How false memories are made

Brain Image

Chuansheng Chen and Elizabeth F. Loftus, both professors of psychological science, have found that false memories are made more often when people try to recall something they heard when tested about it visually.

Chen, Loftus and colleagues from Beijing Normal University examined the brain patterns of 59 subjects during encoding, when information is initially learned and during retrieval, when information is later recalled.

The 59 subjects heard or saw a list of words. Ten minutes later, they were tested by hearing or seeing words one at a time and indicating whether the word was on the original list, Chen and Loftus explained.
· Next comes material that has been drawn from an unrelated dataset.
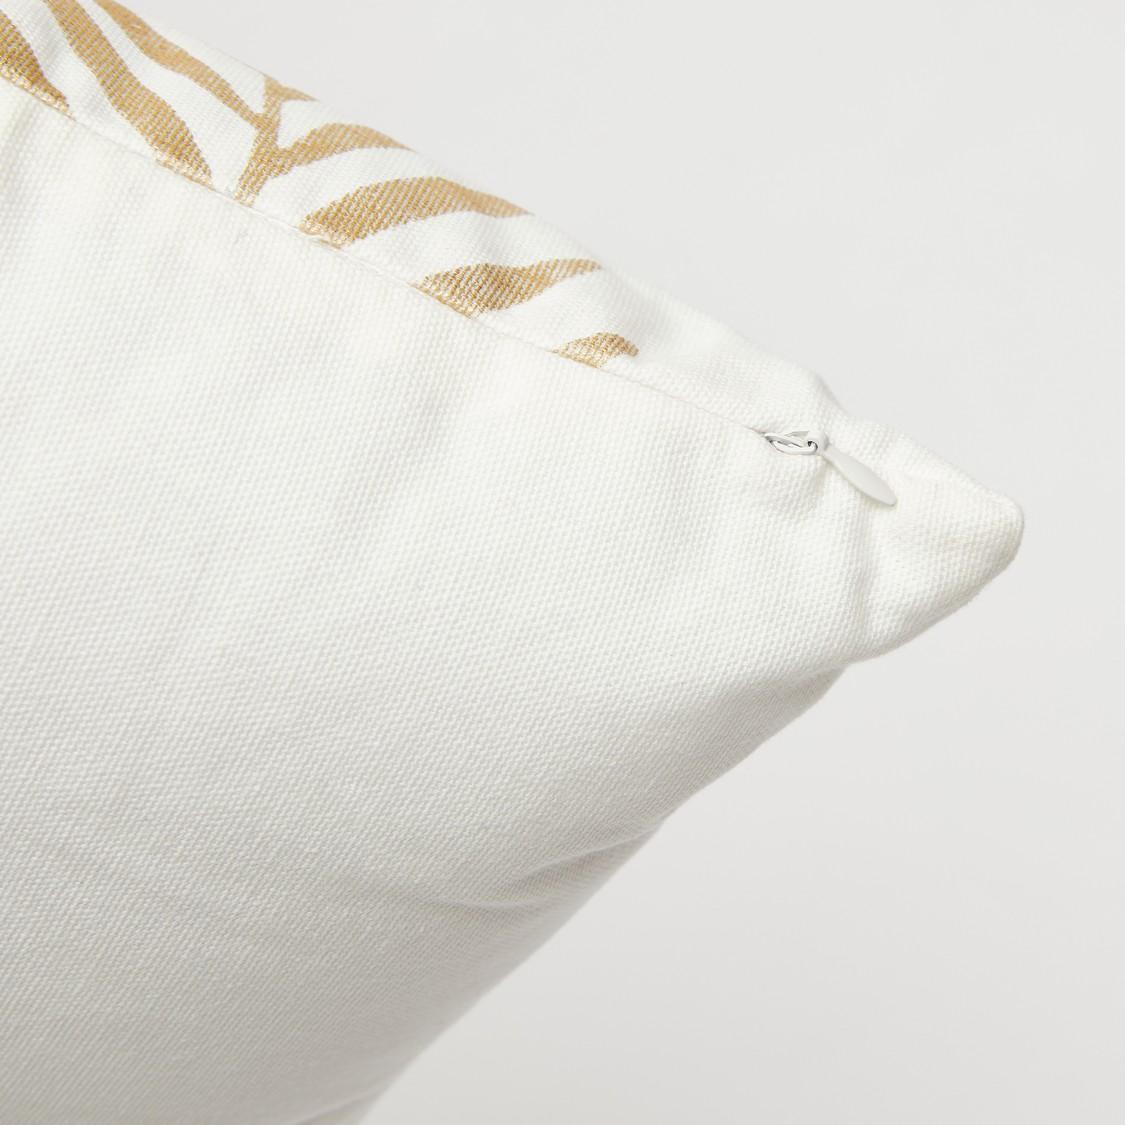 وسادة محشوّة بطبعات ورق شجر بسحّاب إغلاق - 45x45 سم

They said the most mistakes in memory occurred when people had originally heard the words but were tested by seeing them.

Brain imaging data showed that greater false memories resulted from three brain mechanisms: weaker true memory signals in the visual cortex during retrieval, reduced monitoring of false memories in the prefrontal cortex during retrieval, and greater similarity in neural patterns among words learned in the temporal lobe, according to the study.

The research, “Multiple interactive memory representations underlie the induction of false memory,” was published in the Feb. 26 issue of the Proceedings of the National Academy of the Sciences Journal. In it, they wrote: “These findings not only help to advance a more mechanistic understanding of our malleable memory systems but also have important practical implications for developing more effective ways to enhance true memory and reduce false memory in our educational, clinical, and legal practices.”